Jericho is the eighth studio album by Canadian-American rock group the Band. Coming seventeen years after their "farewell concert", it was released in 1993 and was the first album to feature the latter-day configuration of the group, as well as their first release for the Rhino subsidiary Pyramid Records.

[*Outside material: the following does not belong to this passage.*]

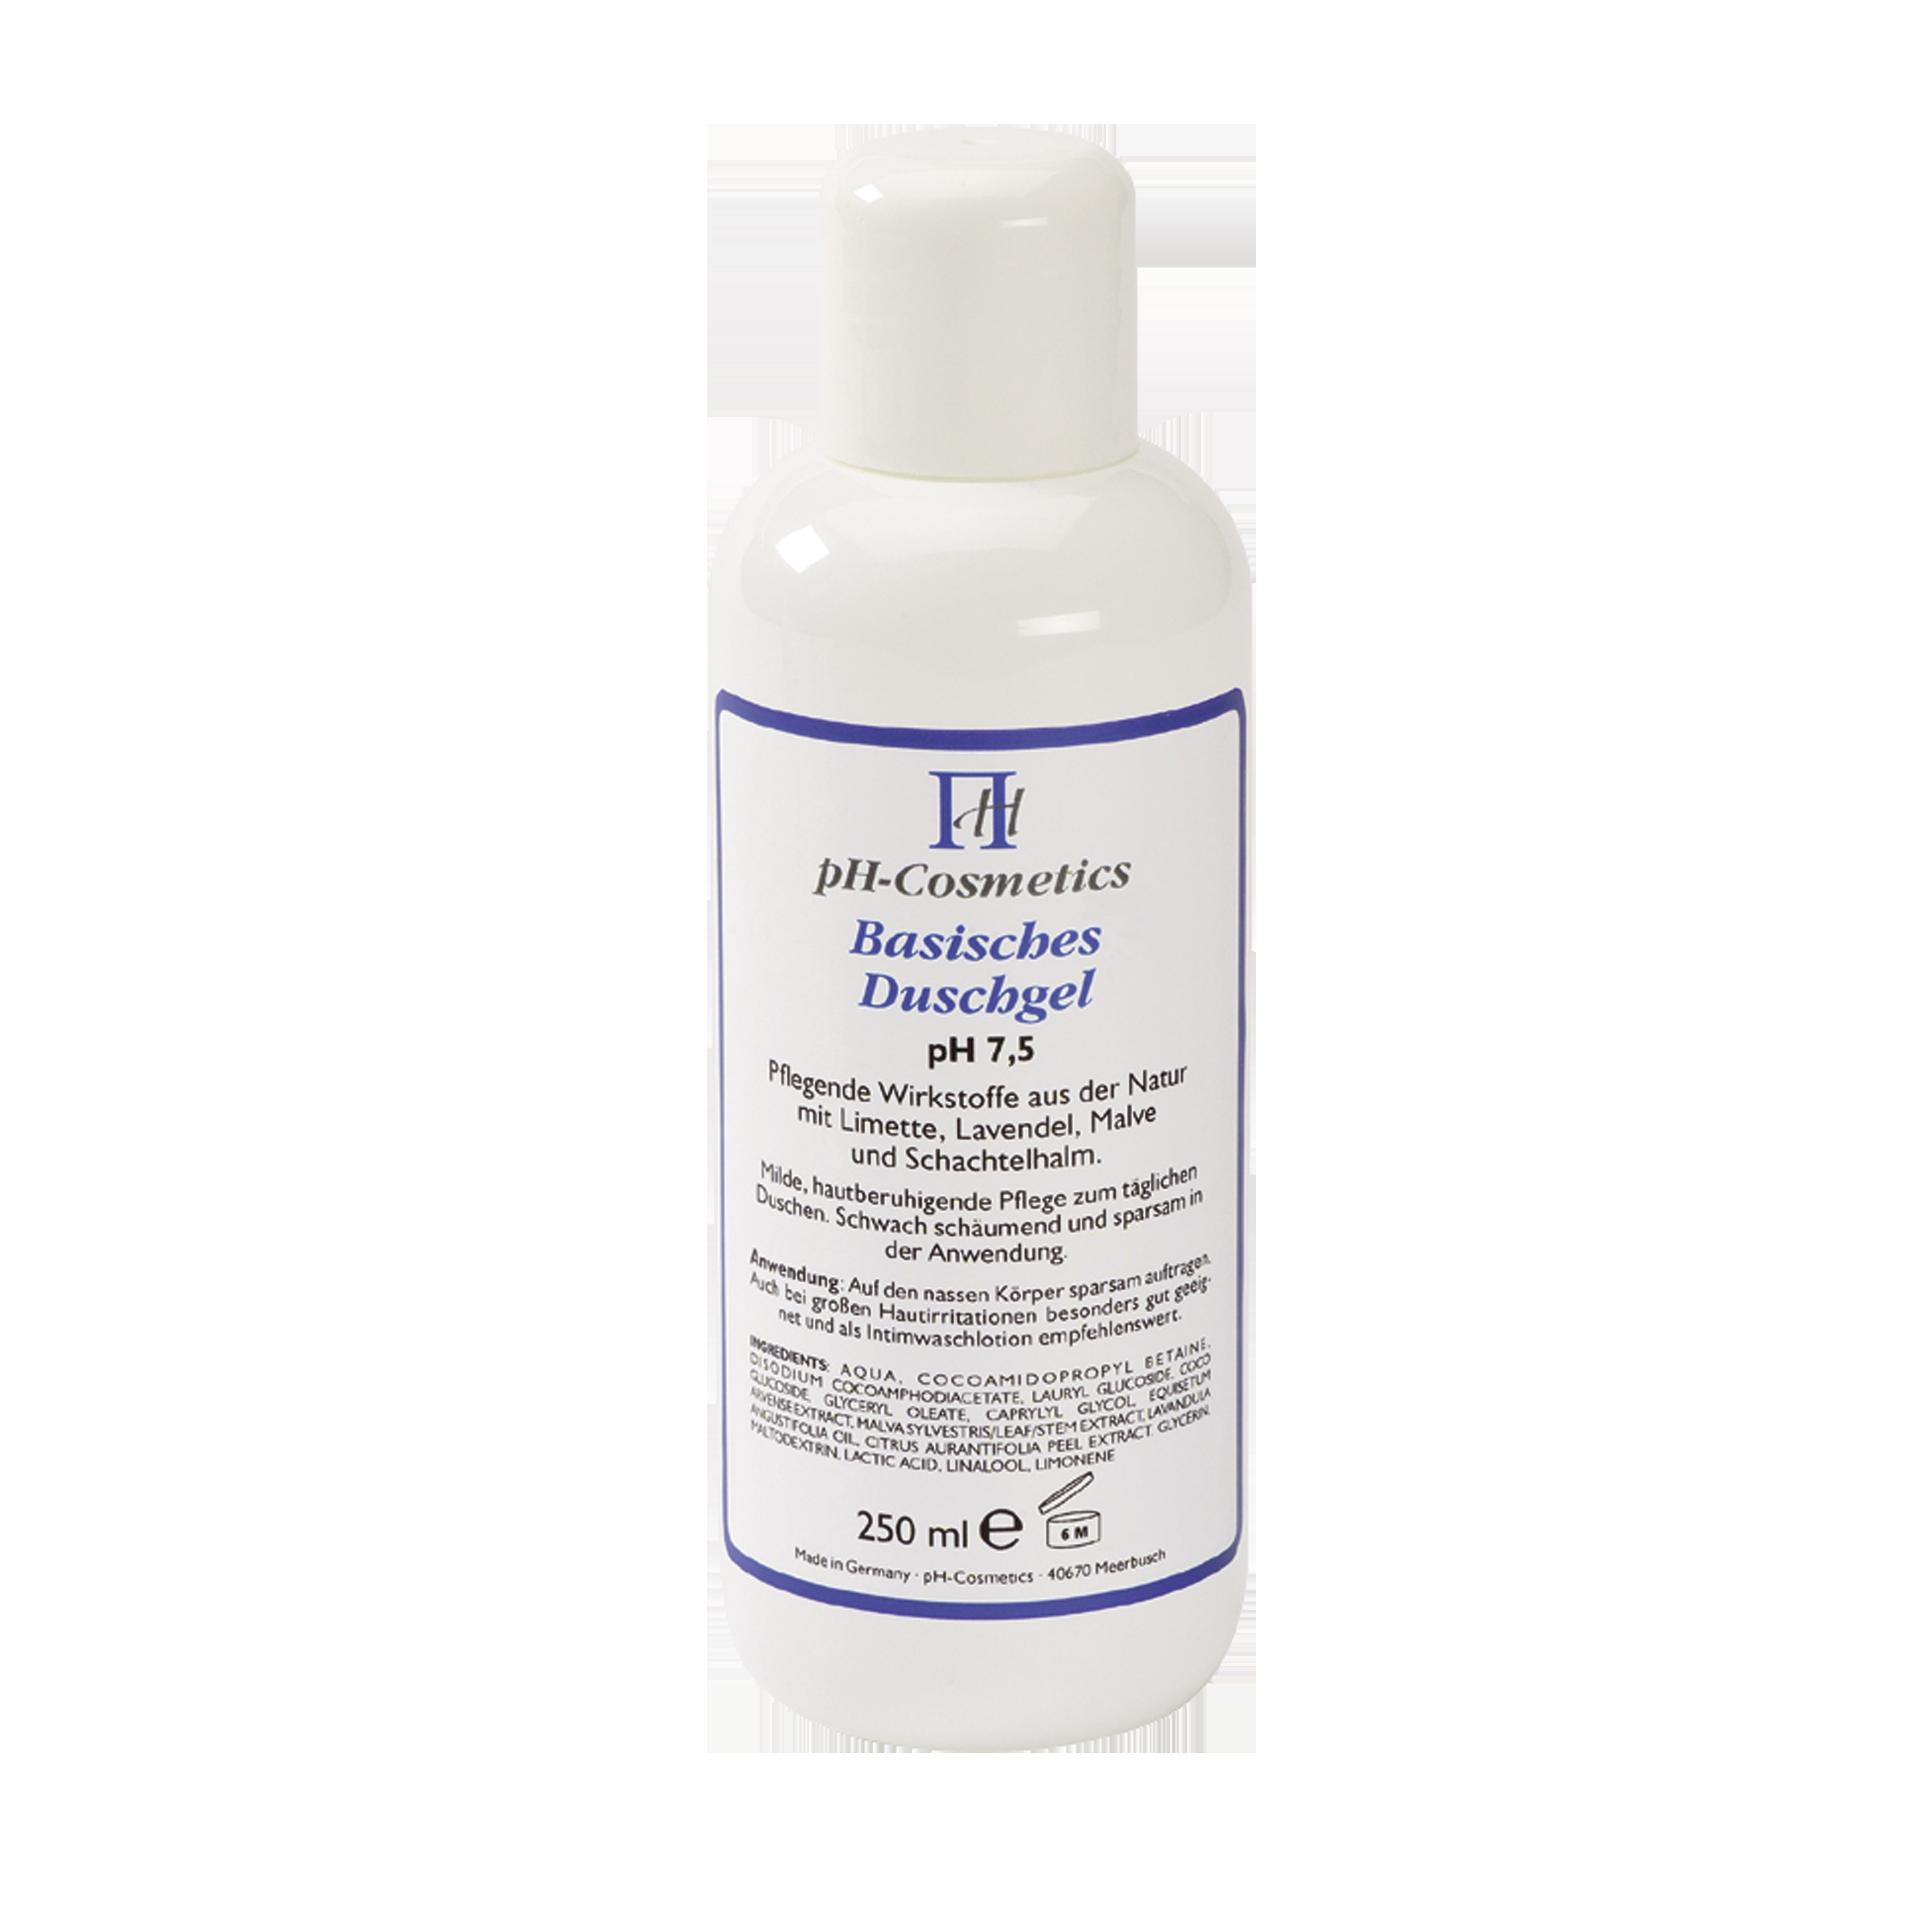 pH-Cosmetics Basisches Duschgel, pH 7.5, 250 ml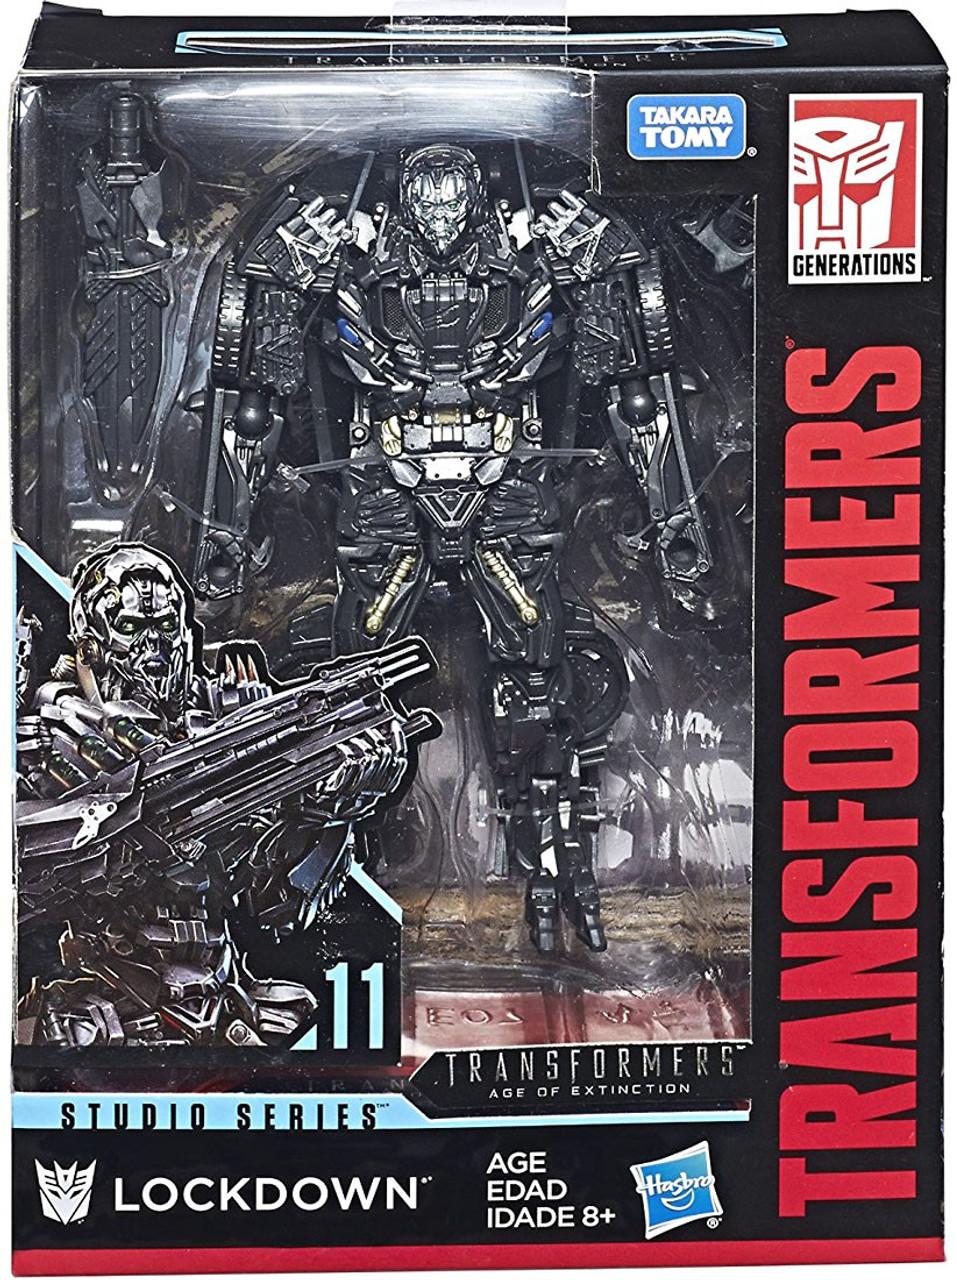 Transformers Generations Studio Series Lockdown Deluxe Action Figure 11 Hasbro Toys Toywiz

Joining original members Levon Helm (drums/mandolin/guitar/vocal), Rick Danko (bass/guitar/vocal) and Garth Hudson (organ/keyboards/horns) were Jim Weider (who had played guitar for the group from the time of their 1983 reformation), Randy Ciarlante (who had joined on drums in 1990) and Richard Bell (who had joined as keyboardist in 1991). There were an additional fourteen guest musicians. Having so many guests would be commonplace on the latter-day group's albums.

Recording
In 1985, the Band went into the studio for the first time since 1977 with the intent of recording tracks for an eventual album. Richard Manuel had recently expressed interest in writing new material for the group, and had written "Breaking New Ground" with Gerry Goffin and Carole King. However, on March 6, 1986, Manuel was found dead of suicide, and the Band abandoned efforts to make an album for several years.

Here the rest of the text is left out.